First, the act suspends (i) an exclusion from income for reimbursement of qualified moving expenses, and (ii) an above-the-line deduction individuals may take for such expenses, in each case effective for taxable years beginning after Dec. 31, 2017. (The act does, however, retain an exclusion for reimbursements to, and deductions taken by, members of the armed forces on active duty who move pursuant to a military order and incident to a permanent change of station.) Employers should re-examine moving expense reimbursement policies and consider whether to continue offering moving expense reimbursements. Although no longer excludible from income, moving expense reimbursement will likely remain a valuable tool for recruiting new employees who would be required to relocate. Some employers may consider grossing-up moving expenses to attract qualified talent.

Next, in certain circumstances, companies could previously deduct expenses for entertainment, amusement, or recreation activities, qualified transportation fringes (including qualified parking, transit passes, vanpool benefits, and qualified bicycle commuting reimbursements), and employer-provided meals.

The 2017 tax act removes deductions for entertainment, amusement, or recreation activities, as well as the deduction for providing qualified transportation fringes and, except as necessary for ensuring the safety of an employee, any expense incurred for providing transportation, or any payment or reimbursement, for travel between an employee’s place of residence and place of employment.

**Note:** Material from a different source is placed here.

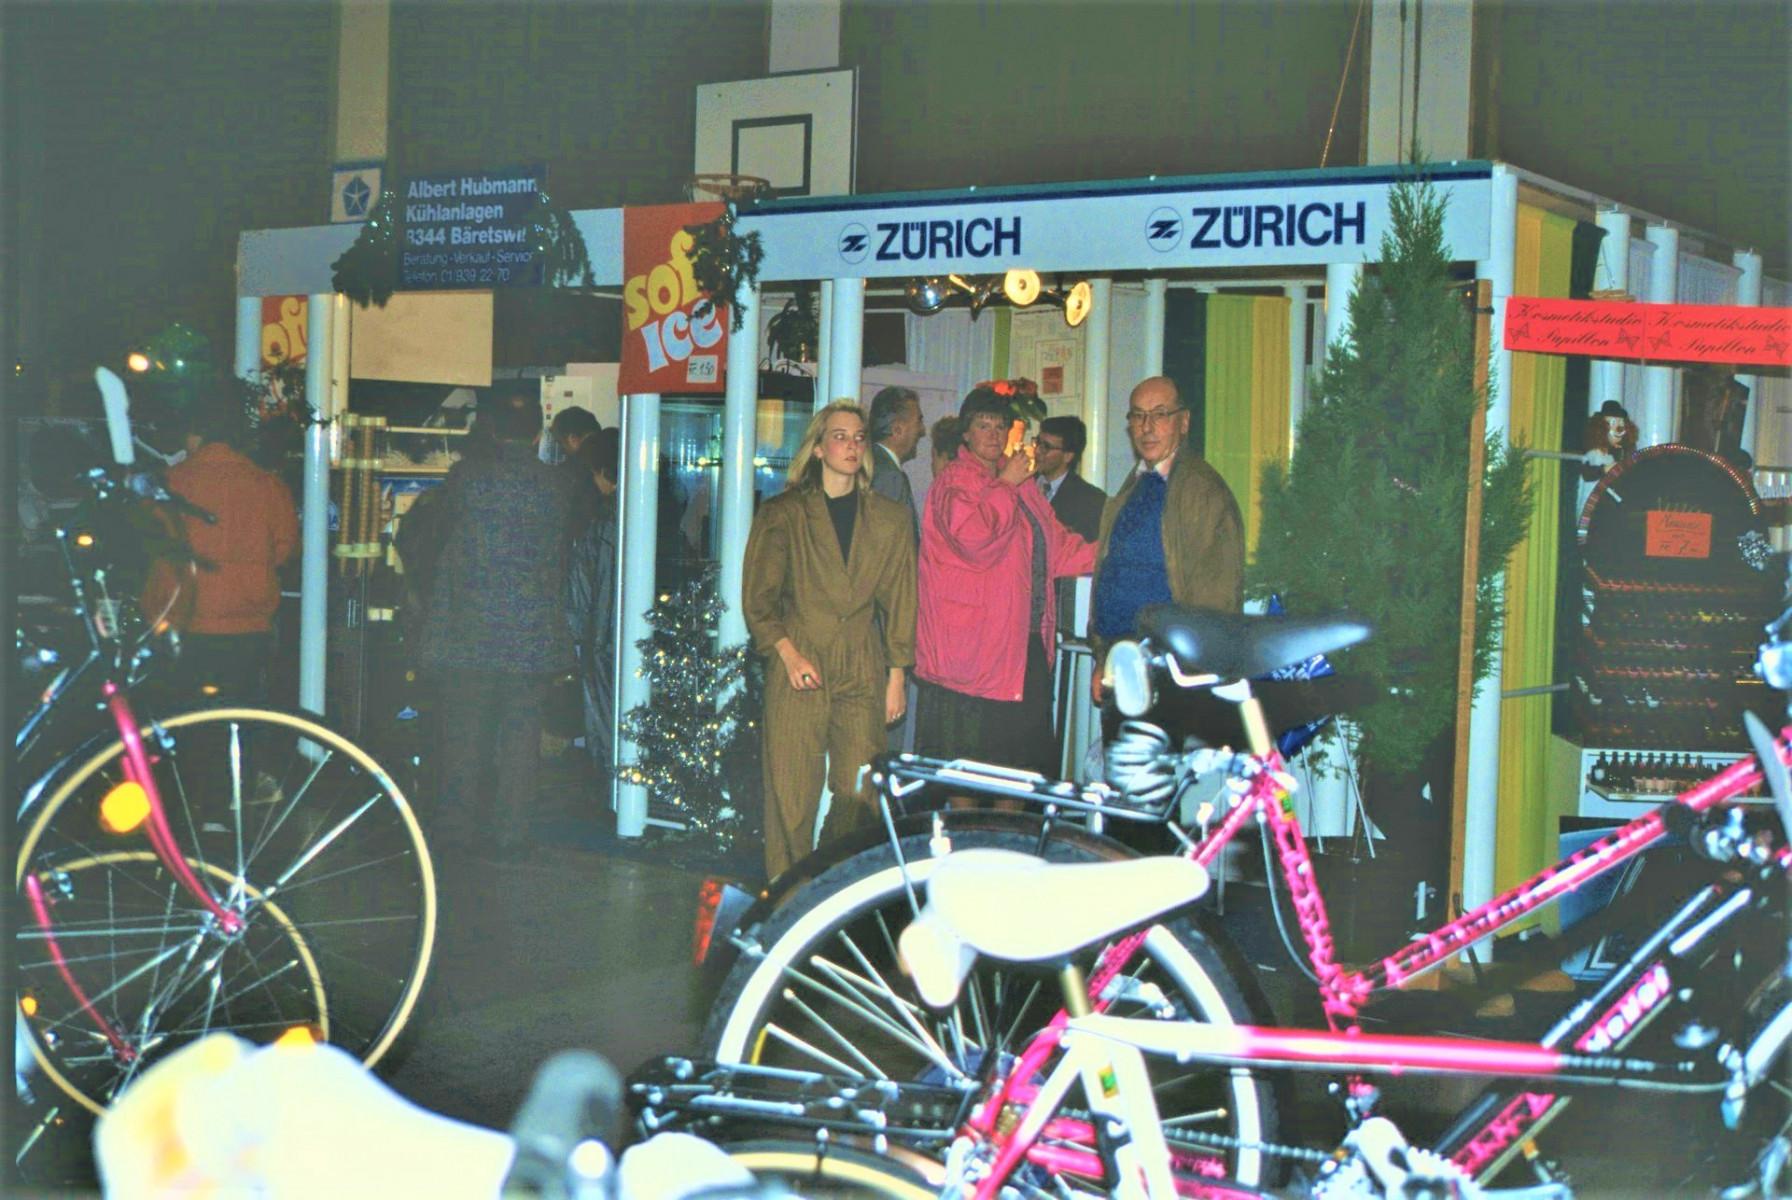 Gewerbeausstellung Zürich-Versicherung, Hubmann Albert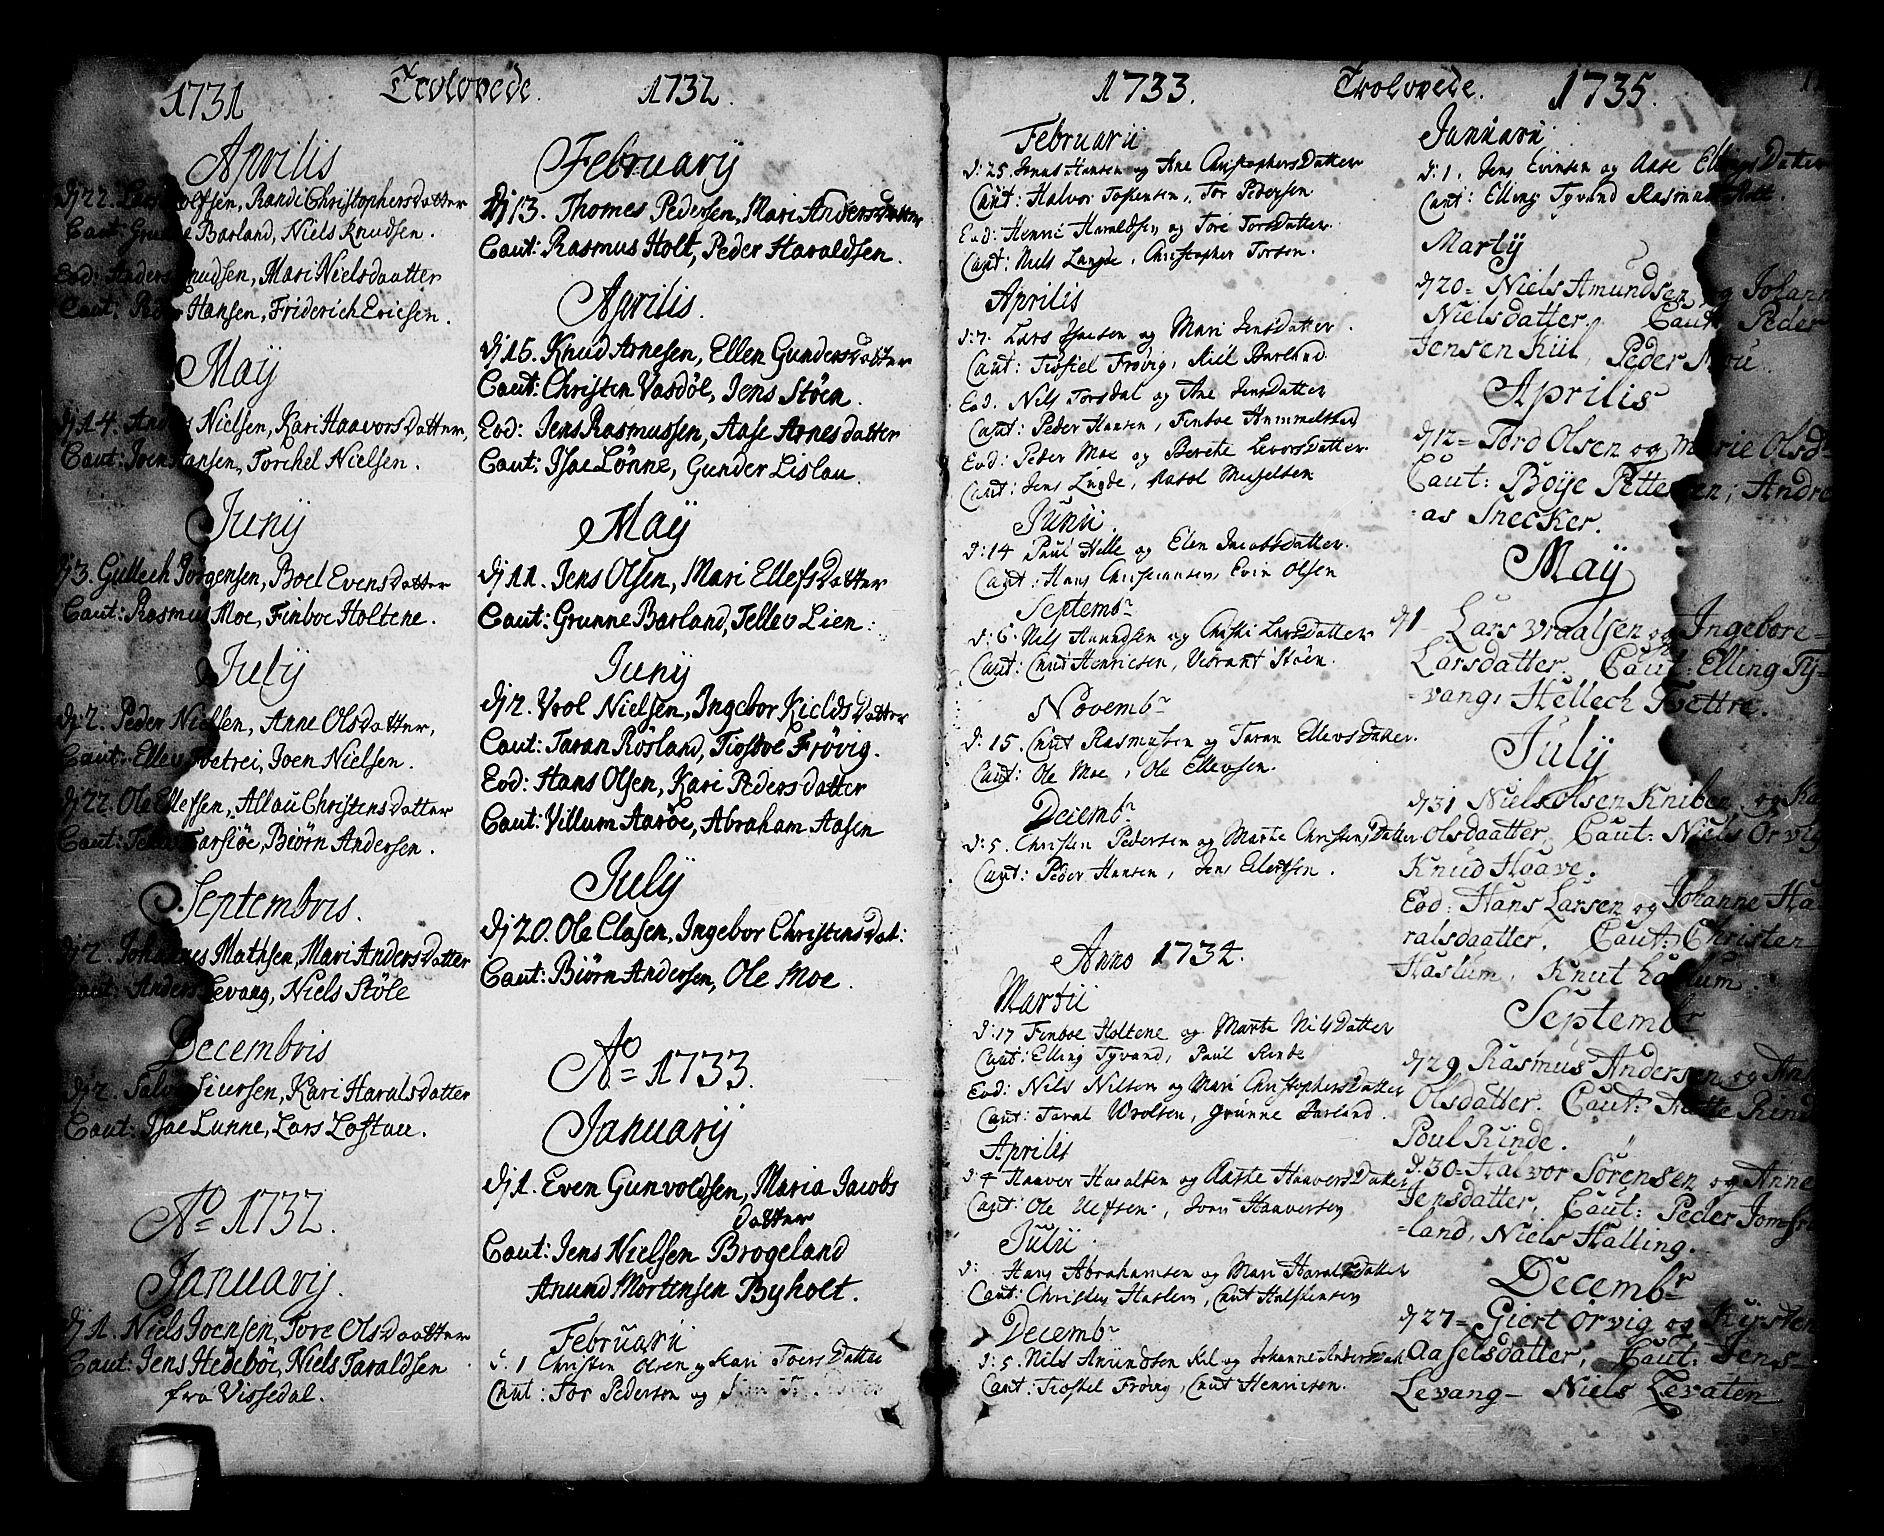 SAKO, Sannidal kirkebøker, F/Fa/L0001: Ministerialbok nr. 1, 1702-1766, s. 10-11

The deduction for employer-provided meals is generally retained until Dec. 31, 2025; thereafter, expenses for operation of an on-premises eating facility and meals furnished for the convenience of the employer generally are not deductible.

Removal or limitation of these deductions will increase the cost to employers of providing these benefits. Employers should review entertainment policies and transportation fringe benefit arrangements to determine whether to continue to offer these benefits, or whether the 2017 tax act’s changes merit reduction or elimination of these benefits.


For many companies, the loss of favored deductions, such as the deduction for performance-based compensation, will be offset by the new, reduced corporate tax rate. However, businesses and tax-exempt organizations of all shapes and sizes should examine the impact of the 2017 tax act on their employee benefits and executive compensation plans, practices, and arrangements to determine whether to make changes.